I have been concerned that all of us would see premium increases due to having to carry those who choose to continue to freeload on the responsible behavior of the vaccinated. We all know insurance companies do not lose money.

Oh You mean the "my minds made up don't confuse me with facts" crowd that still thinks the laws of physics are suspended when it's pointed out that covid spreads through very fine aerosols that go through masks like gnats through a chain link fence?

Or how bout the ones who insist masks work to stop covid infections even though real world data shows the complete opposite?

Attachment 90465

The obesity and diabetic epidemics in America are what causes higher insurance rates. Obesity is what caused our covid death rate to soar over most countries.

CDC study finds about 78% of people hospitalized for Covid were overweight or obese


Covid: CDC study finds about 78% of people hospitalized were overweight or obese

I know! Lets tell all fat people to lose at least 50 pounds or their covid hospital bills are not covered. :MOJE_whot:

Velvet 08-16-2021 01:40 PM

OP, if I remember correctly you were in the trials when we didn’t know if the vaccine could really have severe permanent side effects or even kill. That is courage.

Later you kept sharing bits of your knowledge to help us understand more about this virus.

I am very grateful for both the information and the resulting advice. I do believe there will be Covid-deaf individuals who will dismiss whatever as they chose not to hear. Not to see. It is not a matter of belief because science doesn’t hinge on belief. Interpretation maybe. For the rest of us, please keep posting.

Bill14564 08-16-2021 02:51 PM

Quote:

Originally Posted by S=kBlogW (Post 1989949)
Oh You mean the "my minds made up don't confuse me with facts" crowd that still thinks the laws of physics are suspended when it's pointed out that covid spreads through very fine aerosols that go through masks like gnats through a chain link fence?

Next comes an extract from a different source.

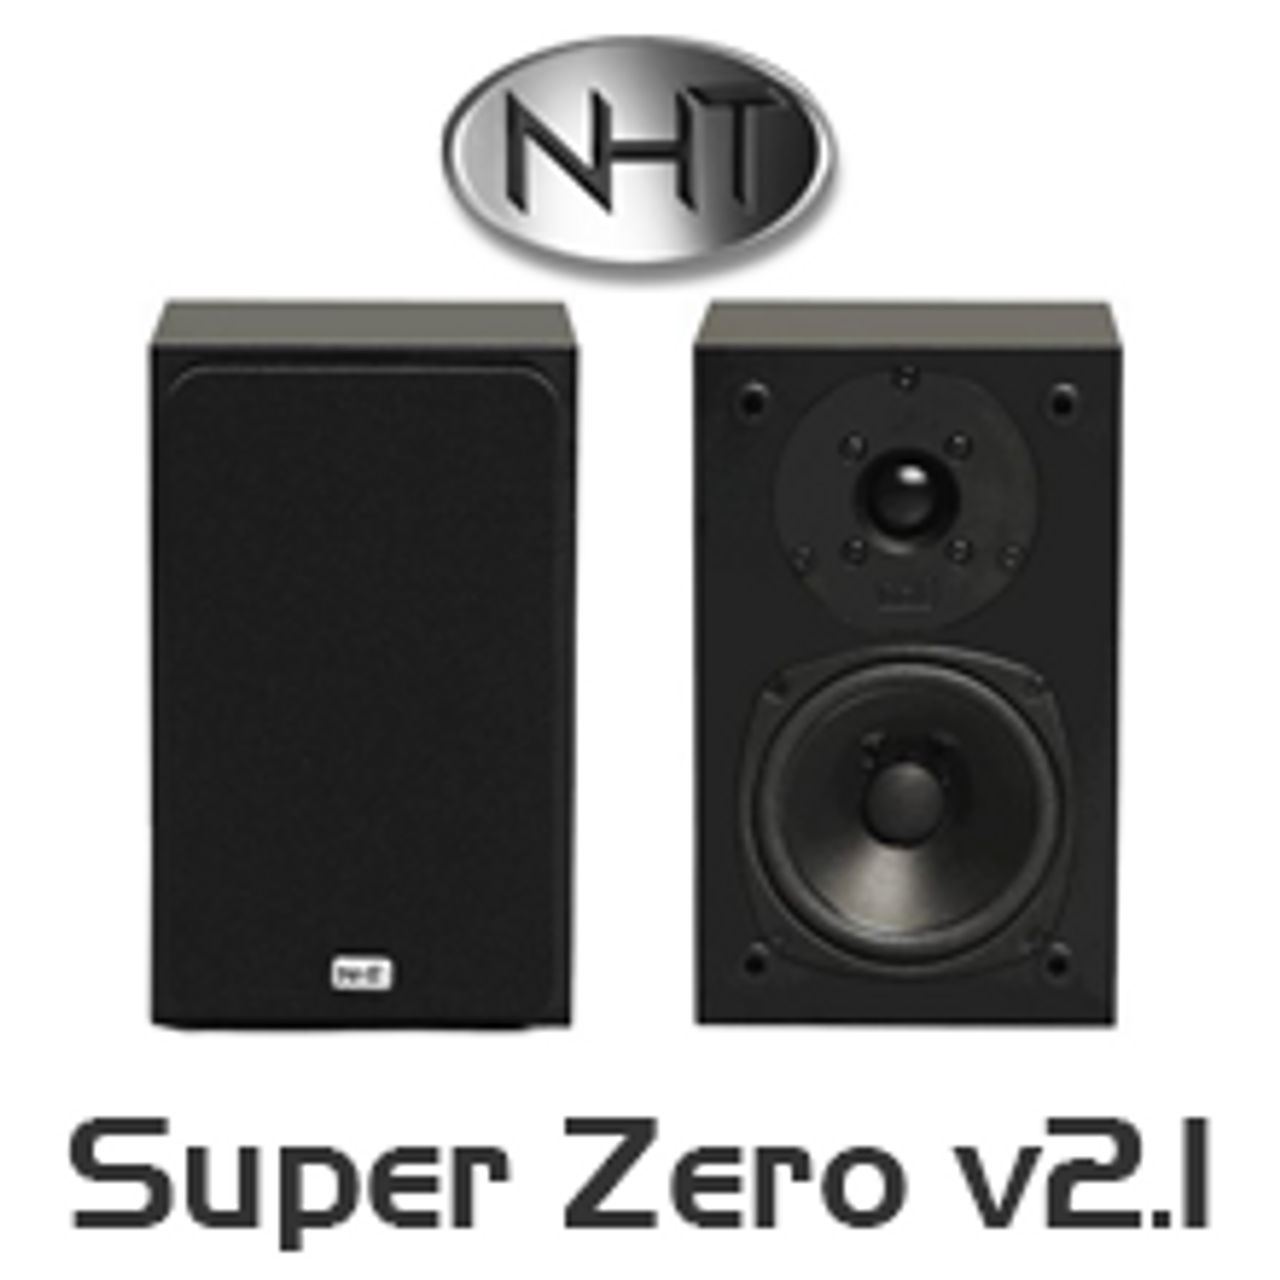 Nht Super Zero V2 1 Bookshelf Speakers Pair Av Australia Online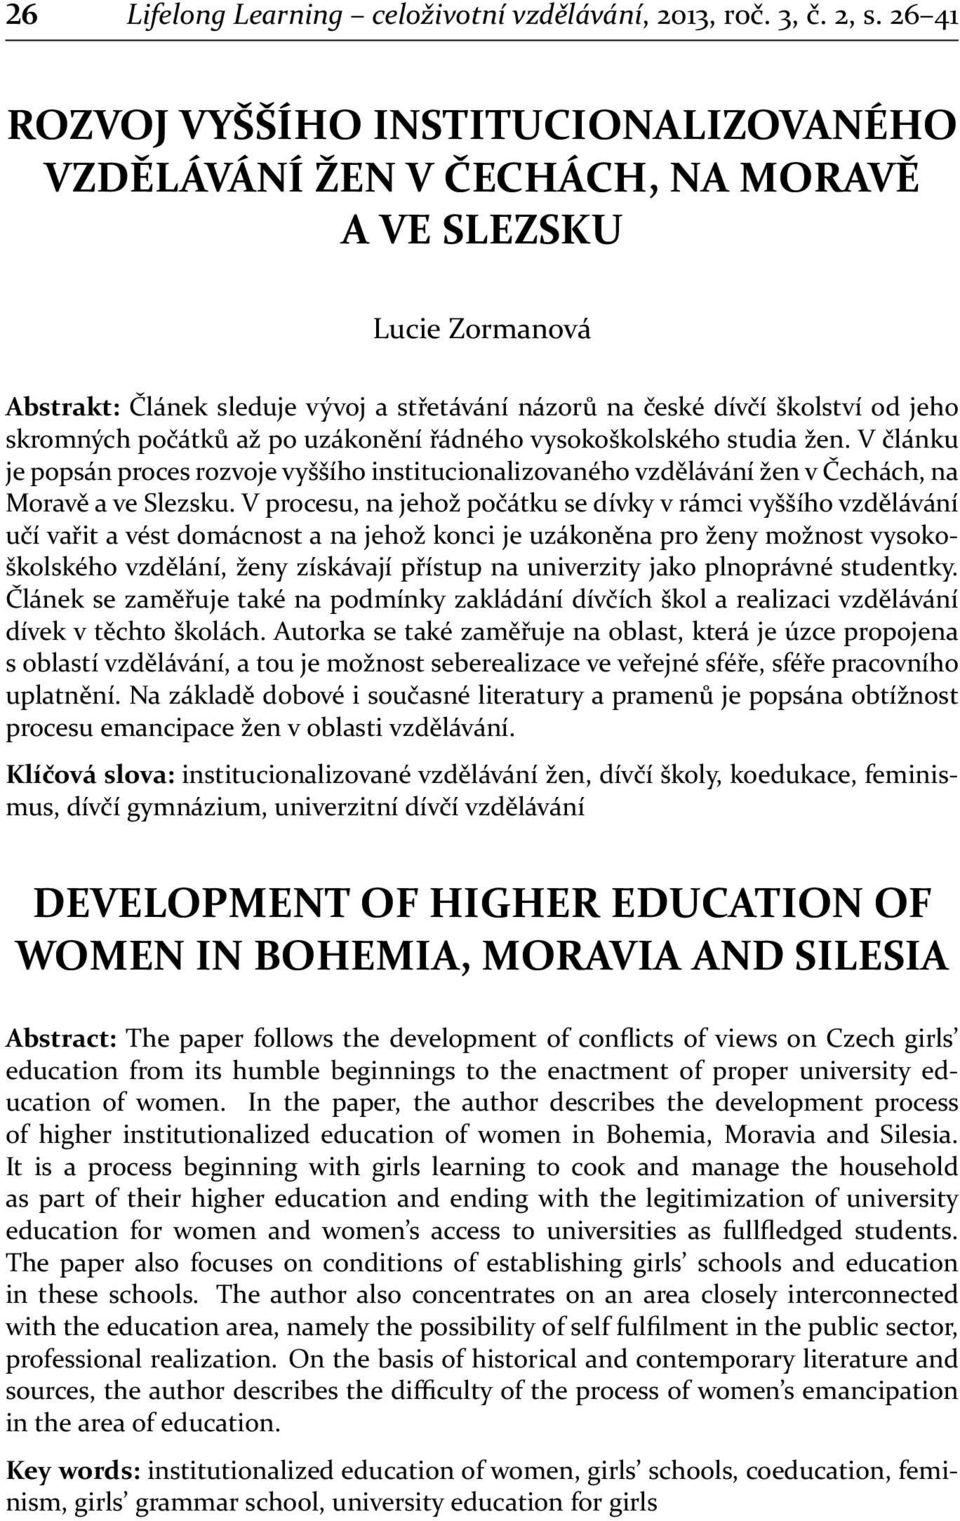 skromných počátků až po uzákonění řádného vysokoškolského studia žen. V článku je popsán proces rozvoje vyššího institucionalizovaného vzdělávání žen v Čechách, na Moravě a ve Slezsku.

Or how bout the ones who insist masks work to stop covid infections even though real world data shows the complete opposite?

Attachment 90465

The obesity and diabetic epidemics in America are what causes higher insurance rates. Obesity is what caused our covid death rate to soar over most countries.

CDC study finds about 78% of people hospitalized for Covid were overweight or obese


Covid: CDC study finds about 78% of people hospitalized were overweight or obese

I know! Lets tell all fat people to lose at least 50 pounds or their covid hospital bills are not covered. :MOJE_whot:

What percentage of the U.S. population is considered overweight or obese? Is 78% significant or is it more of a cross section?

SkBlogW 08-16-2021 03:04 PM

Quote:

Originally Posted by Bill14564 (Post 1989993)
What percentage of the U.S. population is considered overweight or obese? Is 78% significant or is it more of a cross section?

CDC says:

The US obesity prevalence was 42.4% in 2017 – 2018.

From 1999 –2000 through 2017 –2018, US obesity prevalence increased from 30.5% to 42.4%. During the same time, the prevalence of severe obesity increased from 4.7% to 9.2%.

Obesity-related conditions include heart disease, stroke, type 2 diabetes and certain types of cancer. These are among the leading causes of preventable, premature death.

The estimated annual medical cost of obesity in the United States was $147 billion in 2008. Medical costs for people who had obesity was $1,429 higher than medical costs for people with healthy weight.

Adult Obesity Facts | Overweight & Obesity | CDC

We are the most obese nation on earth except for some island nations in the South Pacific and Kuwait.

Is 78% significant? Obviously. I think obesity at 78% of hospitalized covid patients is the highest for any comorbidity other than maybe old age. Not sure what you mean by cross section. It means if you eat too many quadruple burgers with extra sauce and get covid, you are likely to end up in the hospital.